The morning of the third day, Nate waited at the door of the post office for a half an hour before it opened at eight o’clock. He was disappointed not to find any mail from his wife, but he convinced himself that he had outpaced the mail wagon from Oklahoma. He posted one long letter to her describing all he had seen in Austin, Dr. Tom’s illness, and the incident with the snake, knowing she would be pleased with what he had learned from her. He also added instructions for her to send all future letters to Houston.
In closing, he wrote,
The city is filled with building works and wonders of comfort for man and beast. Yesterday, in a dry-goods store, I saw a device with serrated teeth, which, when cranked, will cut off the top of a tin can in a moment flat. But the city is not at peace with itself. The governor is roundly hated. Everyone is bristling with firearms, ready at a moment’s notice to begin shooting at any imagined threat or cross word, and though Governor Davis has given me a policeman’s job, I will be happy to be on my way to Houston. My love always to you and Mattie.
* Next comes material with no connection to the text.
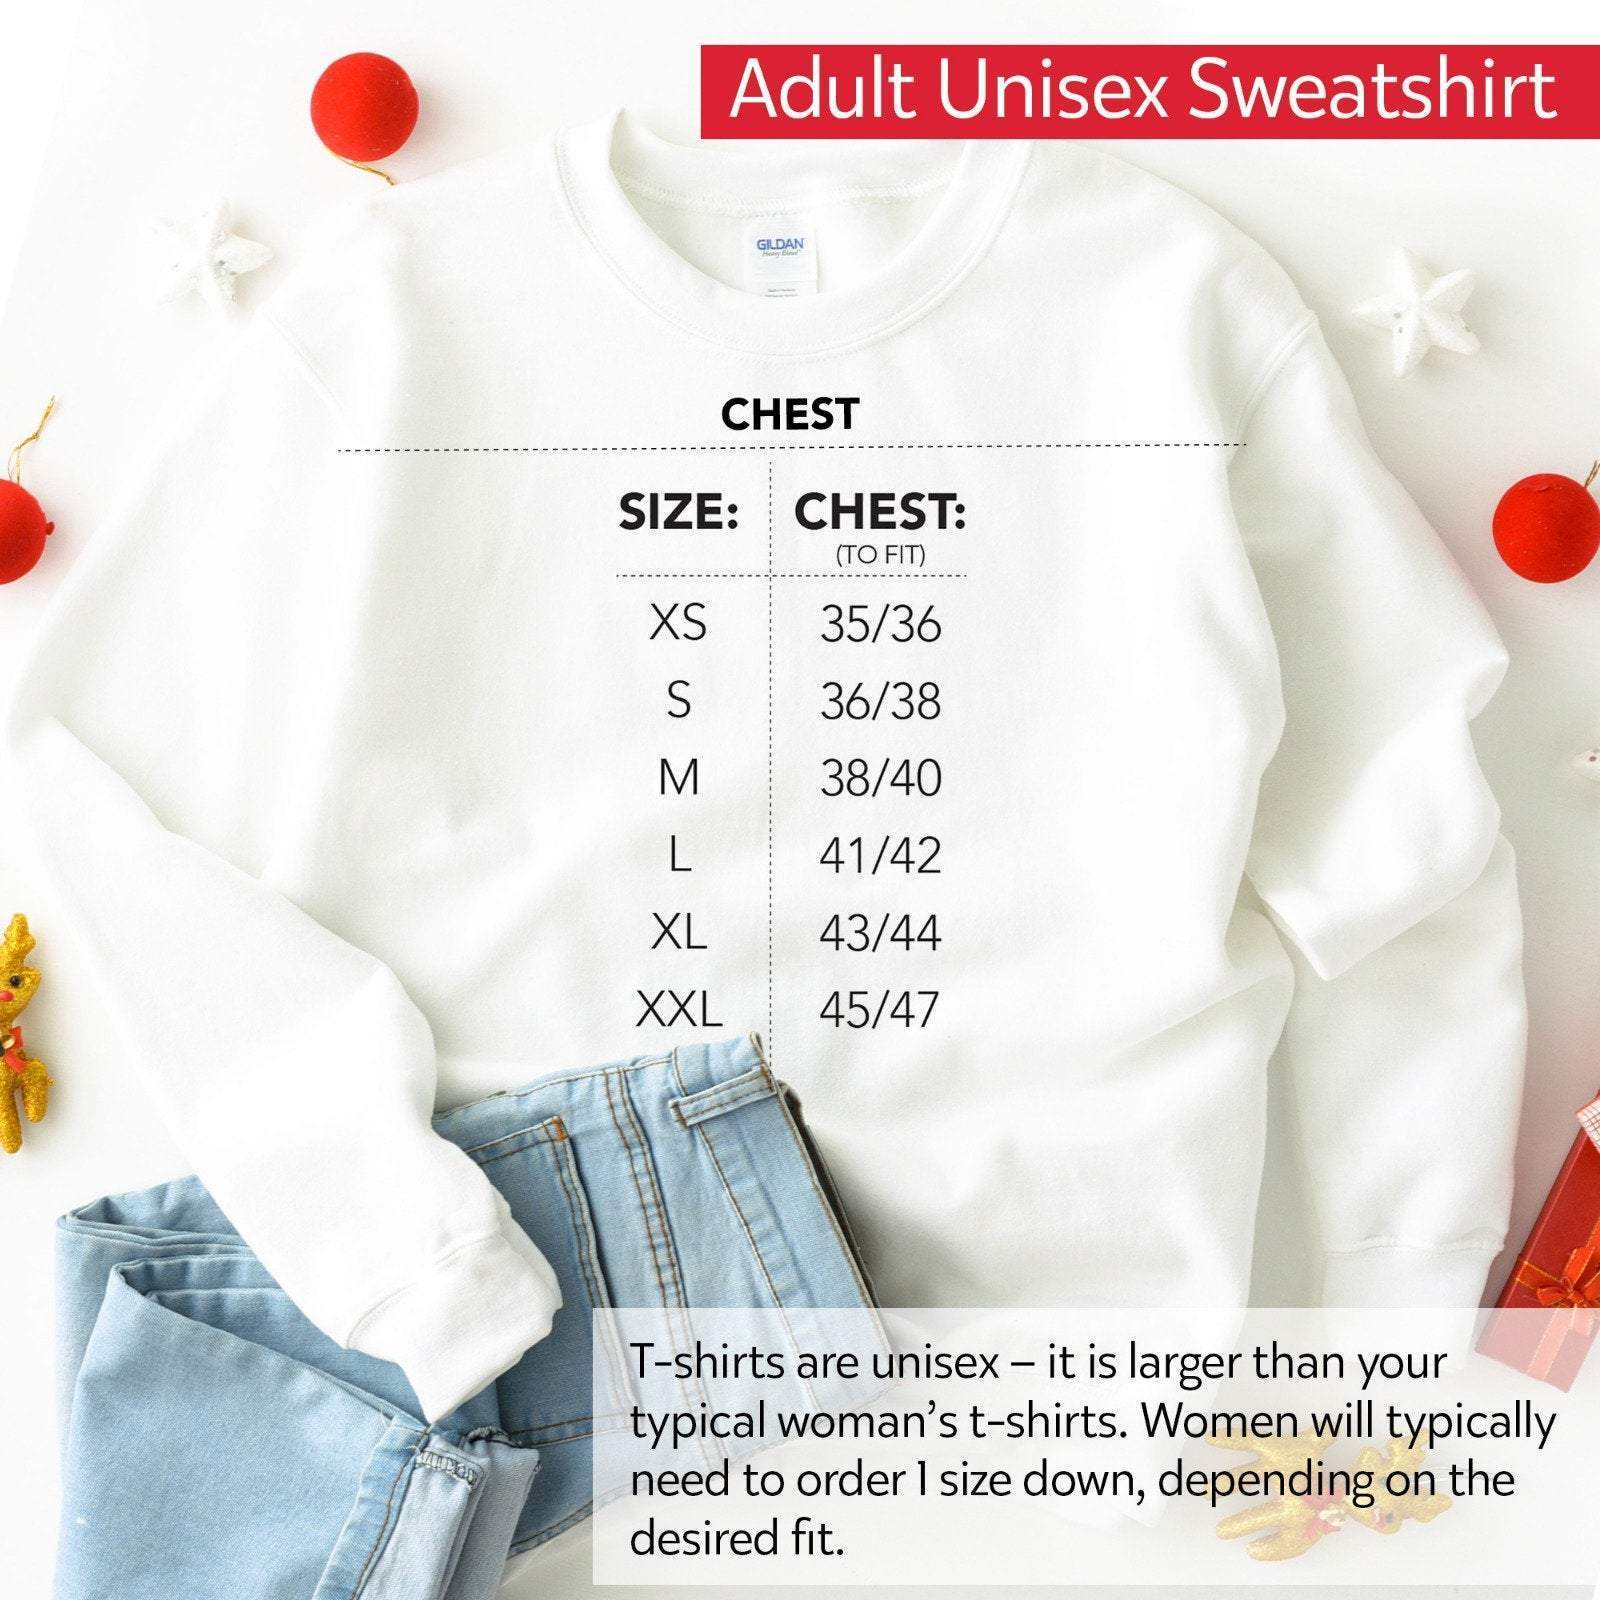 Joy Christmas Jumper, Unisex Adult & Kids sizes, Cosy Christmas Shirt for Women

Inside the letter he placed a braided horsehair necklace strung with a few colored beads for his daughter. He had bought it from a dignified black woman, her cart of beaded wares set up at the first light of morning. The sign on the cart read For the Wheatville Girls School. She accepted his quarter with long, graceful fingers, smiling broadly when he tipped his hat to her.
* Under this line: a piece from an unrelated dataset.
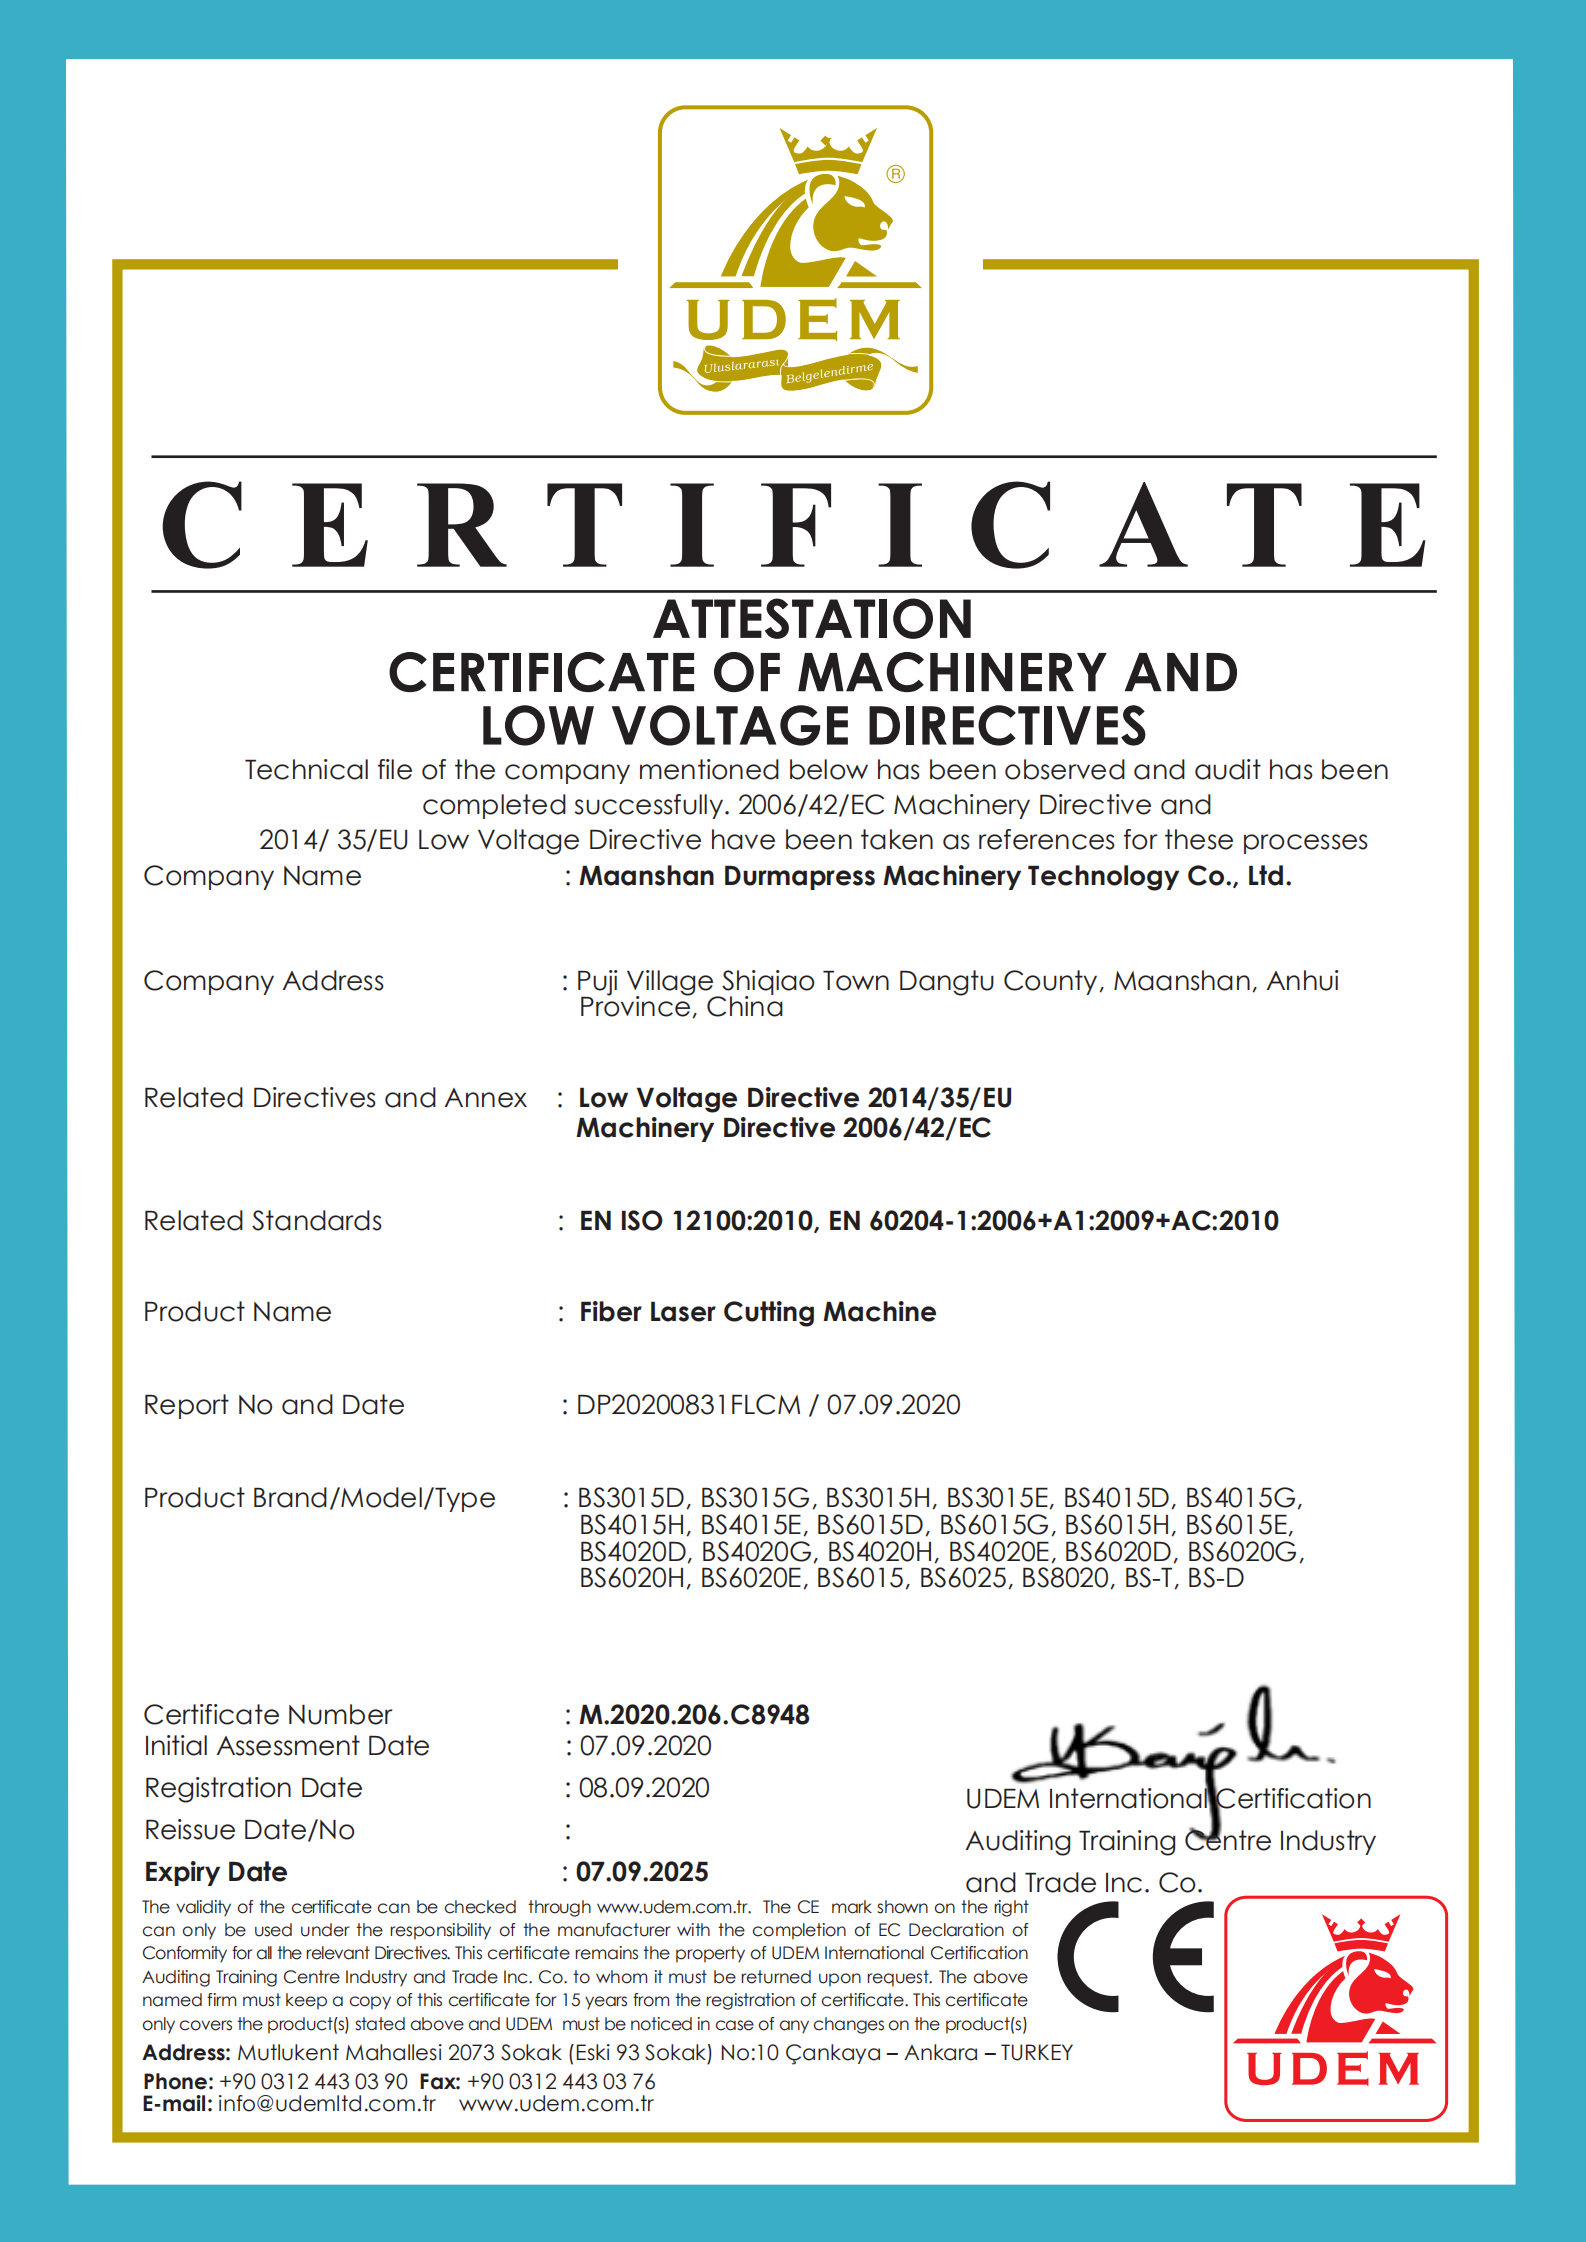 DurmaPress Fiber Laser Cutting Machine CE Certification

He walked to Scholz Garden on San Jacinto Street and paid for a beer, the first beer he had ever drunk alone. He eyed the hard-boiled eggs floating in clouded water in a large glass jar and declined the bartender’s offer of them, even though they were free to drinkers. He picked up an old discarded newspaper left on the bar and read about events that had happened a full year ago: “John Wesley Hardin Kills Three Soldiers,” “Treaty of Medicine Lodge Violated by Comanche,” and one article about a knife fight in an Abilene saloon headlined “You Are a D—d Liar, Sah!”
The saloon was dark and quiet, and he reflected on his uncertain position with Deerling. After the incident with the snake, the ranger had continued to ignore him, but true to his word, after they had drawn their month’s pay, he left the barracks abruptly and returned an hour later with an early-model Winchester rifle. He handed it to Nate, saying only “Pay me when you can.”
Nate heard a whooping noise from outside the beer hall, followed by the clattering sounds of a group of riders approaching. He walked with the bartender and the few other patrons to the shaded porch and watched the thirty or so men approaching on horseback.
The riders wore long robes, bed linens or lengths of sewn muslin, all of it white; their faces were covered with hoods, holes cut out for their eyes. A few had conical caps shaped like inverted funnels on their heads, and Nate turned, openmouthed, to look questioningly at the bartender by his side.
The bartender spat a long stream of tobacco juice into the dirt. “The Klan has made it all the way from Tennessee. There won’t be a nigger safe from here to Uvalde County.” He turned and walked back inside, and Nate watched the riders being cheered down the length of San Jacinto.
Returning to the barracks, he did not see the black woman with the cart.
He entered the bunk room quietly but saw that Dr. Tom was sitting up reading with a flannel wrapped around his throat. Nate told him what he had seen on San Jacinto.
Dr. Tom shook his head. “Grown men wearing bedsheets.” He put his book aside and looked closely at Nate, who was sitting on a chair, frowning, chewing at his bottom lip.